Although 100 U injections are effective for shorter time, they cause fewer adverse events than higher doses

WEDNESDAY, Nov. 29 (HealthDay News) -- Botulinum A toxin can be used to treat patients with detrusor overactivity that is refractory to anticholinergics and 100 U injections seem to be as effective as higher doses at controlling incontinence, according to a report in the November issue of Urology.
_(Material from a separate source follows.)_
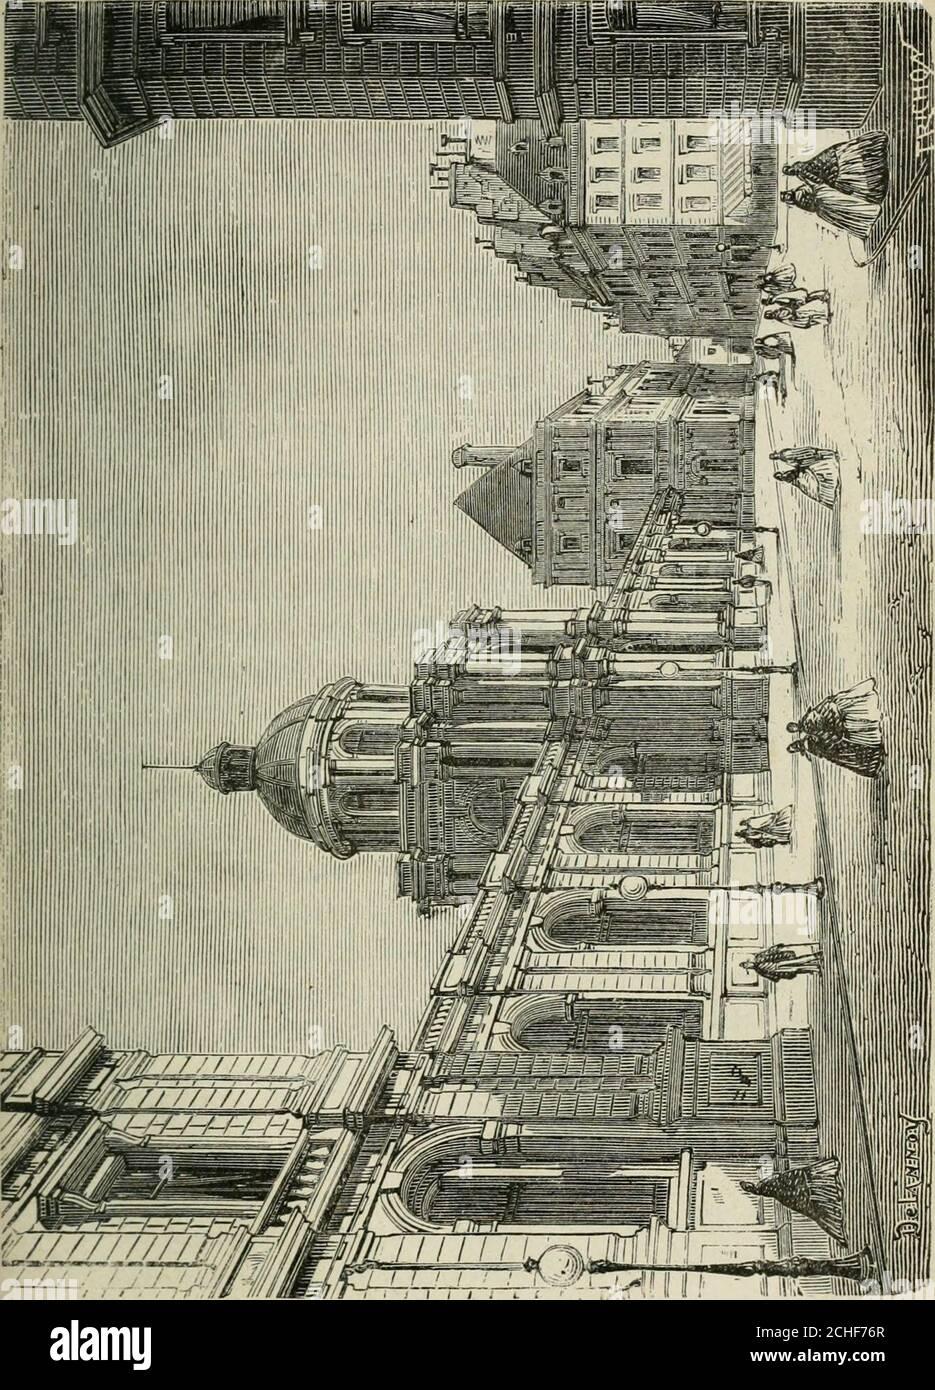 . Les merveilles du nouveau Paris-- . -Royal. Louis XIV le Donna plustard au duc dOrléans, son frère, et depuis cette époque il aété lapanage des Princes du sang. UN incendie détruisit lafaçade en 1763; Louis-Philippe dOrléans, Petit-fils durégent, chargea Moreau de le reconstruire entièrement. Ilfit aussi élever autour du jardrn ces magnifiques galeries oùlindustrie parisienne étale ses plus belles productions dor-fèvrerie et de bijouterie. Les vieux marronniers de Richelieutombaient pour faire place à ces constructions. La façadedonnant sur le jardin devait être édifiée sur un Plan gran-dios Stockfoto

Hann-Chorng Kuo, M.D., from the Buddhist Tzu Chi General Hospital in Hualien, Taiwan, randomly assigned 32 women and 43 men with a mean age of 63.4 years to receive either 100, 150 or 200 U of botulinum A toxin injected into the suburothelial space at 40 sites. All patients had detrusor overactivity that was refractory to anticholinergics.

After three months, the researcher found that treatment with 100, 150 and 200 U of toxin led to "excellent results" in 34.8 percent, 36 percent and 40.7 percent of patients, respectively. A smaller percentage of patients receiving 100 U of toxin had postvoid residual urine volumes of 150 mL or more compared with patients receiving higher doses. Patients receiving the higher doses had similar post-treatment urodynamic parameters but greater changes in bladder capacity and postvoid residual urine volume, the report indicates. However, a dose of 100 U was effective for a significantly shorter amount of time than higher doses.

"Suburothelial injection of 100 U of botulinum A toxin achieved a similar rate of excellent results and had significantly fewer adverse events compared with 150 or 200 U," Kuo concludes.